While the waters may be chilly off the coast of Portland, Maine, the fishing is far from it. Fishing charters prowl these water for anything from tuna to sharks. Learn what other kinds of fish frequent the coast of Portland, where the best spots are to catch them, as well as the best time of year to plan your trip.
The waters may be a little chilly off the coast of Portland, Maine, but they're loaded with fishing hot spots. From schools of speedy tuna to solitary thrashing sharks, these rock-infused waters offer some of the most exciting, uncrowded fishing on the East Coast.
Laced with coves and back bays, the sheltered waters of Portland, Maine, provide a great setting for inshore fishing. Then, just a few miles out from the rocky coast, Portland fishing charters roam the open ocean for larger game fish.
Undoubtedly, whether you venture out into the Atlantic or prowl Casco Bay, you'll be surrounded by trademark New England scenery--rocky beaches, towering bluffs, illuminating lighthouses, etc.--as well as some of the best fishing in the region.
Striped Bass: After spawning during the spring, these Atlantic coastline natives migrate north to New England waters. Striped bass, commonly called stripers, have a silvery body marked with longitudinal dark stripes. While they average around 3 ft. long, they can grow as large as 6 ft. and 125 lbs.
Bluefin Tuna: Every year, after spawning in the Gulf of Mexico, Bluefin tuna flock to the coast of Maine to replenish their fat reserves. The increasingly popular Bluefin tuna have a dark blue color on top and a gray bottom with a gold coruscation covering the body. They can be distinguished from other family members by the relatively short pectoral fins.
Bluefish: The bluefish is a popular game fish known for putting up a good fight--and they taste pretty good too. They're moderately portioned with a broad, forked tail. Coloration is a grayish blue-green dorsally, fading to white on the lower sides and belly. They can range in size from seven-inch "snappers" to around twenty pounds and even as much as forty pounds.
Mackerel: Known for their meat and their fighting ability, mackerel are a popular recreational and commercial fish. However, the meat can spoil quickly, so it must refrigerated or eaten within a day of capture. They feature a slim, cylindrical shape with numerous finlets on the dorsal and ventral sides.
Shark: The offshore waters of Maine hold several species of sharks.
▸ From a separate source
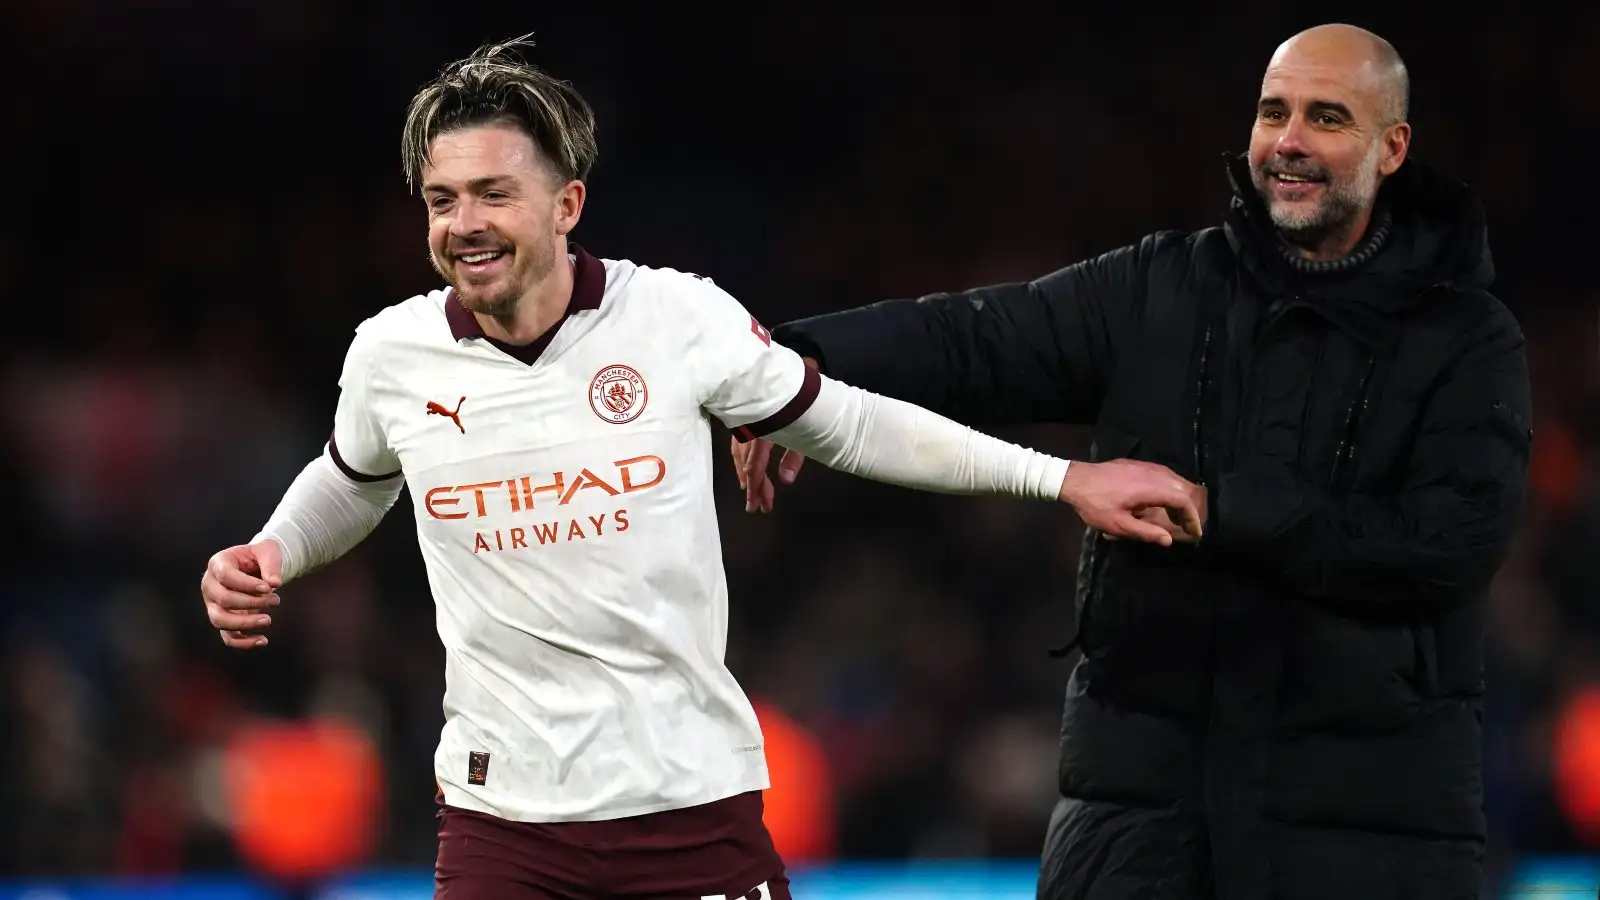 Manchester Metropolis winger Jack Grealish and Pep Guardiola after a win.

Of these species, blue sharks are the most common, but threshers, porbeagles, and mako sharks are all targeted by fishing charters in Portland. Blue sharks average around 7-12 ft. in length and can weigh over 100 lbs. Of course, the mako, known for its acrobatics, is one of the most fun sharks to catch.
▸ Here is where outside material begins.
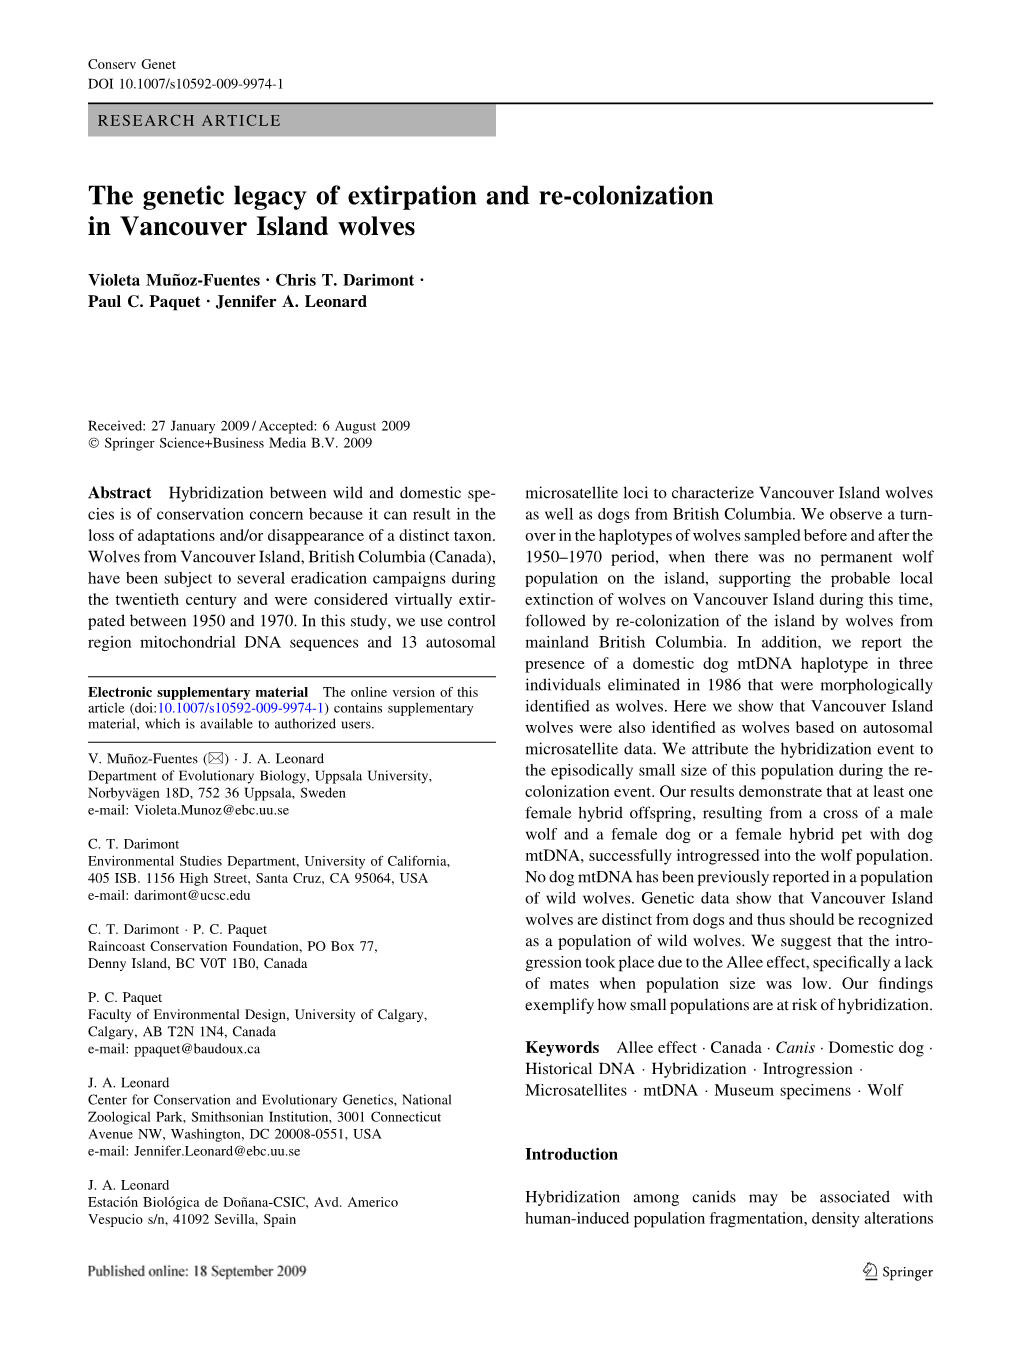 The Genetic Legacy of Extirpation and Re-Colonization in Vancouver Island Wolves

Bottom Fish: The rocky bottoms that line the coast of Maine provide ideal habitats for bottom fish. Popular catches in the Portland area include cod, haddock, pollock, monkfish and other bottom feeders.
With waters that rarely rise about 67 degrees, most of the fishing in Portland, Maine, is done during the summer months. However, many fish can be found well into the fall and some even all year round. For example, the popular striped bass are one of these fish that can be caught year round, but they're most abundant from May through October, with July being the peak of striper season.
Bluefin tuna, on the other hand, migrate north after spawning in the Gulf of Mexico. So, while you won't find many during the winter, come mid-July you'll be reeling in Bluefin tuna until the end of October. Similarly, bluefish and sharks are seasonal fish, peaking in the mid-summer months.
For the most part, bottom fish--cod, haddock, pollock, monkfish, etc.--can be caught year round. Of course, if you're planning a specific fishing trip to Portland, Maine, you can always seek advice from local fishing guides.
The waters surrounding Portland offer a diverse selection of fishing grounds. From small rocky coves to vast bays and the open ocean, each fishing spot is a little different than the other.
Unlike many striper fishing spots, most of the striped bass fishing in Portland is done in shallow, clear waters along the flats and coves of Casco Bay. Casco Bay, which is riddled with offshore islands and rock piles, is known for producing some of the largest fish.
Bluefin tuna can often be found relatively close to the coast, often 5 to 10 miles. Sharks on the other hand, can be caught anywhere from 10 to 40 miles from the shoreline, depending on the season and the species being targeted.
The rigid New England coastline, filled with small islands, offers some of the best inshore fishing in the world. However, for those feeling more adventures the offshore fishing ranks up there among the best as well. As always, though, if you're planning a fishing charter in Portland, simply speak with the experts. Let them know your experience and what you plan to catch. Without a doubt, they'll be able to put you in a location to meet your needs.